От испуга девушка едва не прикусила язык.
Уголком глаза она видела, как какой–то мужчина перекрестился. «Он сделал это, потому что увидел у меня над головой золотое сияние», — подумала она, и это показалось ей самым замечательным, что когда–либо случалось в ее жизни. До сих пор еще ни один человек не смотрел на нее с таким… уважением. Никогда, ни единого разочка. И эта приятная мысль с легкостью просочилась к ней в душу даже сквозь барьеры ужаса, изумления и паники, и затаилась там, чтобы служить ей утешением в минуты крайнего одиночества и отчаяния.
Впрочем, в эту минуту основным чувством, владевшим ею почти безраздельно, был панический страх. Неотрывно глядя вверх, она продолжала пятиться, словно отплясывая какой–то нелепый кекуок. При этом она совершенно не смотрела по сторонам и, рано или поздно, должна была непременно налететь на кого–то из собравшихся вокруг зевак, которые глядели на происходящее во все глаза, и ахали, и вытягивали шеи, но этого так и не произошло. Когда же она с некоторым недоумением обернулась, то с ужасом увидела, что представляет собой центр толпы, которая, пуча глаза и дружно отступая каждый раз, когда она делала еще один шаг, указывала именно на нее.
Между тем негромкое гудение, издаваемое тарелкой, сделалось глубже и басовитее. Слегка накренившись на бок, она вдруг опустилась еще на дюйм или два ниже. Кто–то испуганно вскрикнул, и любопытные в панике бросились в рассыпную.

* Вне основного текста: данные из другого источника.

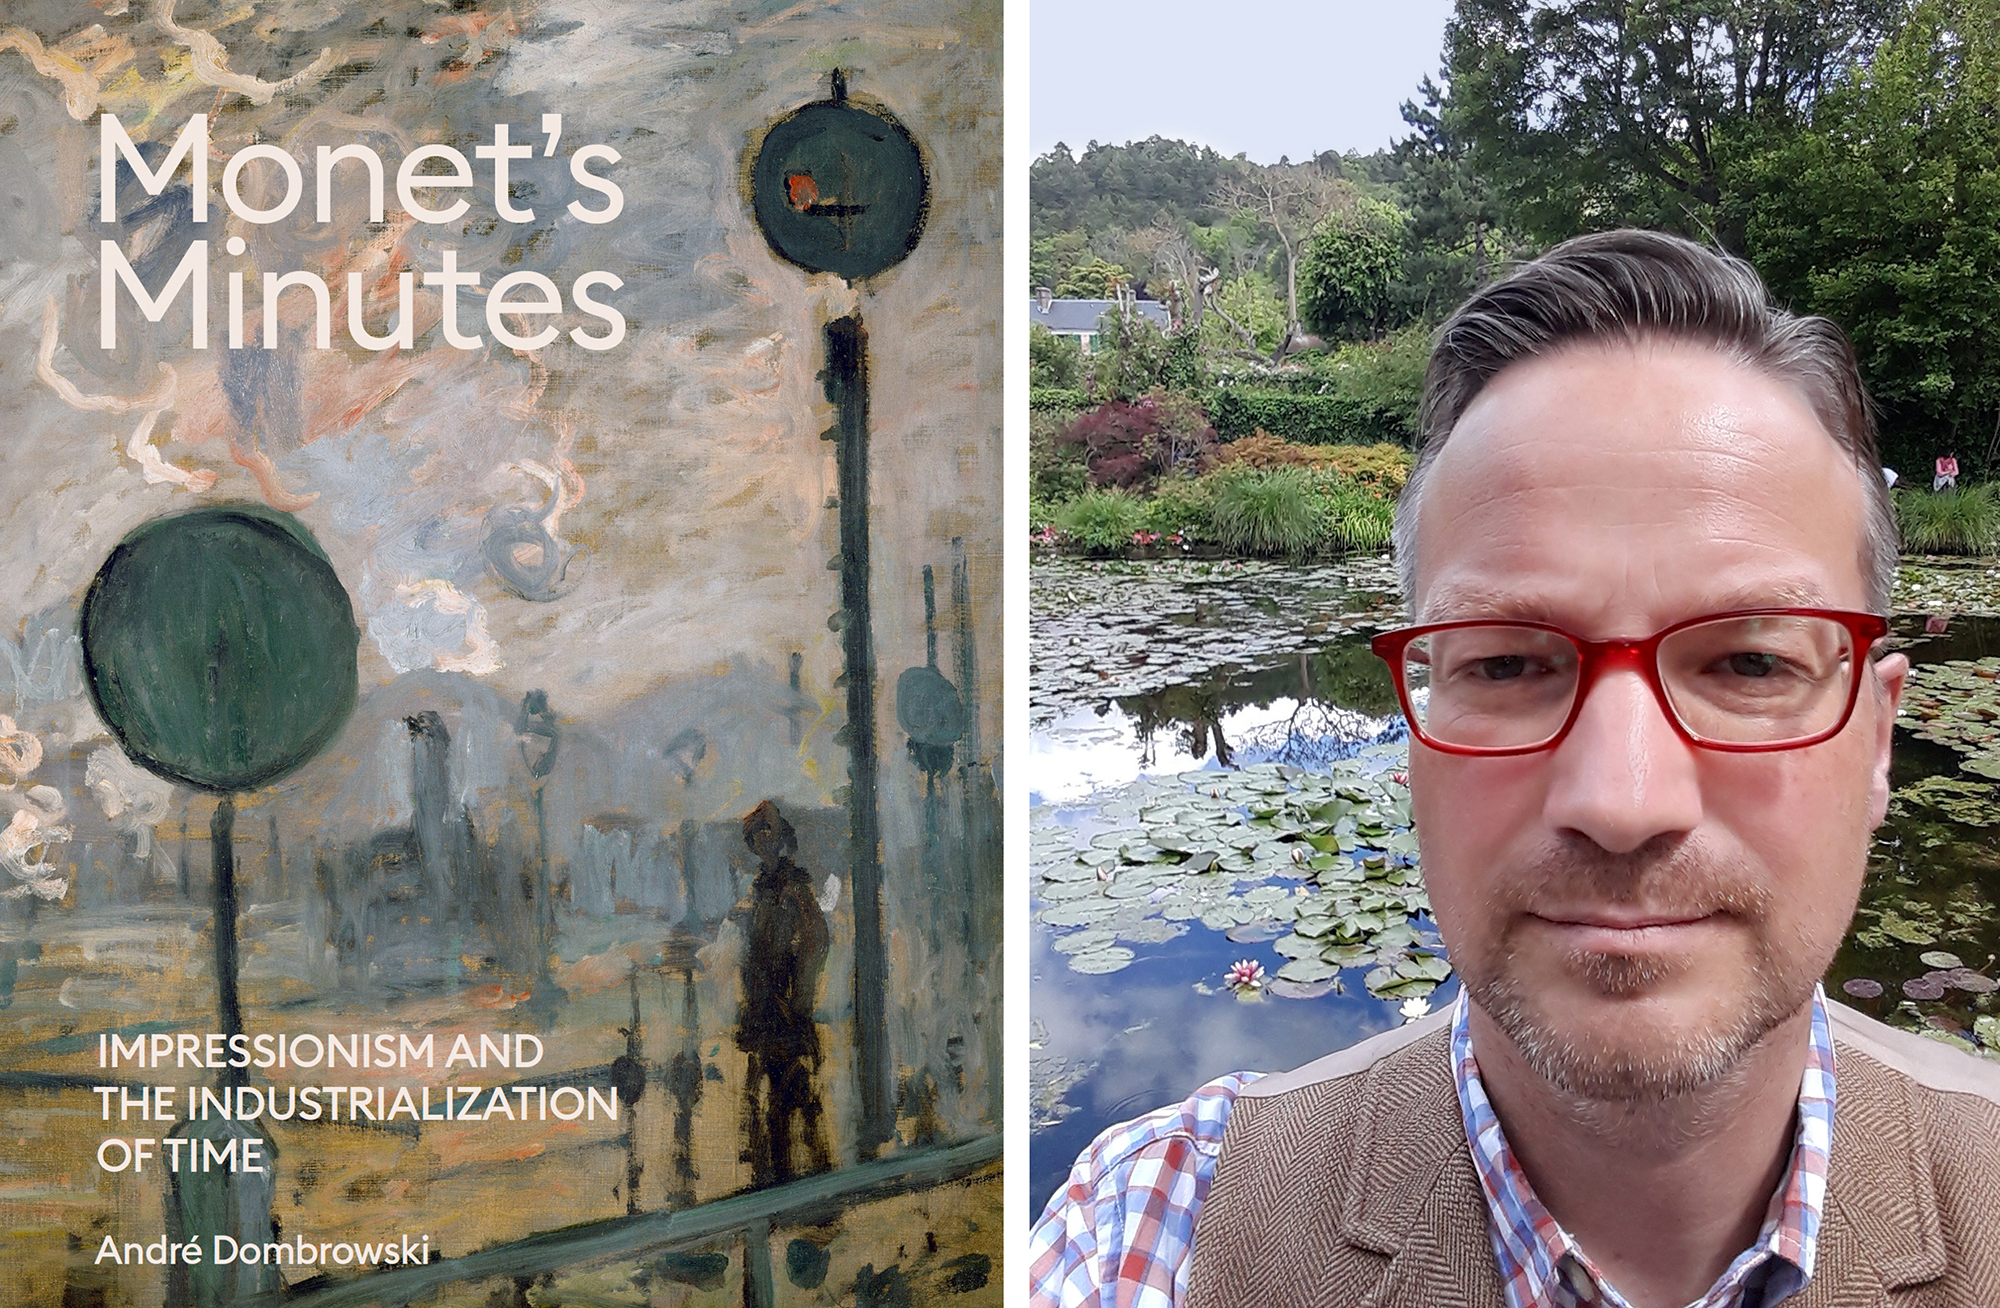 At left, the cover to the book “Monet’s Minutes”; at right, André Dombrowski.

Отбежав на некоторое расстояние, казавшееся им безопасным, они, однако, снова остановились, образовав вокруг лее новый, более широкий круг, размеры которого определялись шатким равновесием между страхом и давлением множества новых зевак, спешивших к толпе со всех концов парка и мешавшим оказавшимся в первых рядах толпы сделать этот круг еще шире.
А тарелка все гудела, и наклонялась, наклонялась…
Девушка открыла рот, чтобы закричать, но ноги ее неожиданно подкосились и она упала на колени. И тут тарелка совершила резкий бросок.
В какую–то долю секунды она опустилась к самому ее лбу и прижалась к нему. Казалось, тарелка собирается оторвать ее от земли. По–прежнему стоя на коленях, девушка выпрямилась и даже сделала слабую попытку оттолкнуть тарелку от себя, но ее руки вдруг опустились — опустились сами, помимо ее воли — и остановились, немного не доставая до земли.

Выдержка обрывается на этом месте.